#### Record set ####

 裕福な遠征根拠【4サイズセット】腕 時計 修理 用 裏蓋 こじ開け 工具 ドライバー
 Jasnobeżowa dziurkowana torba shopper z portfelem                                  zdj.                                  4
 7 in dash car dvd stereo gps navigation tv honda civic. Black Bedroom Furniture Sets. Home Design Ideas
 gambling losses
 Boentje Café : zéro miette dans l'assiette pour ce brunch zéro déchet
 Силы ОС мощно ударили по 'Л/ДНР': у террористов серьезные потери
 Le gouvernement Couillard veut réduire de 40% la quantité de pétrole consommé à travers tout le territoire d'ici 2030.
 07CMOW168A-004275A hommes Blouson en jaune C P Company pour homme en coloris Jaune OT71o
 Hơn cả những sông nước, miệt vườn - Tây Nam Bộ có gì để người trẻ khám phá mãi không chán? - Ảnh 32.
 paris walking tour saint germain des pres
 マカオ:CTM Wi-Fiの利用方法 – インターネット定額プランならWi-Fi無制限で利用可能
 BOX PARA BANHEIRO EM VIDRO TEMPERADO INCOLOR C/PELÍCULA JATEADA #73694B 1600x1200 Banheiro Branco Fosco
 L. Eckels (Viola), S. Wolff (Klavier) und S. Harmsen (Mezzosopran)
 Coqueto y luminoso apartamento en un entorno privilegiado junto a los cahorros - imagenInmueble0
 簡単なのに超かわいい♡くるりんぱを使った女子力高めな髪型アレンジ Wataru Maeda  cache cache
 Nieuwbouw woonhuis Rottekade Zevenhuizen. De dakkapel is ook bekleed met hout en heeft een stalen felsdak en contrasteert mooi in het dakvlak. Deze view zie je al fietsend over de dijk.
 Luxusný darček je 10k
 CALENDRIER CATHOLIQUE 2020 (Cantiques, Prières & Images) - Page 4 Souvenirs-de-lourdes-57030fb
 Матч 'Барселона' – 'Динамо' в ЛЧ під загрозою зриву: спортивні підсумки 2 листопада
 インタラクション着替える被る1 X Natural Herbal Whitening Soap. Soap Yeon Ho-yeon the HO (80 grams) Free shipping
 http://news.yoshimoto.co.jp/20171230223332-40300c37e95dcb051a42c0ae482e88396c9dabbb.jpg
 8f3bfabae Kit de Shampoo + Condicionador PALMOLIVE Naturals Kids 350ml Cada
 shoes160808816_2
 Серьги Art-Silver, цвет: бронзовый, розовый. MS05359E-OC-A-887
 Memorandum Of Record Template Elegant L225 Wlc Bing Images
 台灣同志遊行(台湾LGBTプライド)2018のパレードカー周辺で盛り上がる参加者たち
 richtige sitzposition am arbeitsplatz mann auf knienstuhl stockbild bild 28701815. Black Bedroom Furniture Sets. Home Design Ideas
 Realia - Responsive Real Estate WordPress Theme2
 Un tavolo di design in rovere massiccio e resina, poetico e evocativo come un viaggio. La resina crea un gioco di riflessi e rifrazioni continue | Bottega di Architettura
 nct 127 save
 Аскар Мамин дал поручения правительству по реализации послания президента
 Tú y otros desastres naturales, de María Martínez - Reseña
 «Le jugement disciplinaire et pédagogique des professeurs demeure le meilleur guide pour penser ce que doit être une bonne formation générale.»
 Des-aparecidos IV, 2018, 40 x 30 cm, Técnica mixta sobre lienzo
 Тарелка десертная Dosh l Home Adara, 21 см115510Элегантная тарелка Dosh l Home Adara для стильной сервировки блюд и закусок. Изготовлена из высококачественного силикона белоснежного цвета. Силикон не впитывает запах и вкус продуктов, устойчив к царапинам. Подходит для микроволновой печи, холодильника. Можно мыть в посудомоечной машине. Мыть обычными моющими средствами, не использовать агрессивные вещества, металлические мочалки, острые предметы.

####

-- Work request --
Return every line above that contains the word "Black".

-- Task response --
 7 in dash car dvd stereo gps navigation tv honda civic. Black Bedroom Furniture Sets. Home Design Ideas
 richtige sitzposition am arbeitsplatz mann auf knienstuhl stockbild bild 28701815. Black Bedroom Furniture Sets. Home Design Ideas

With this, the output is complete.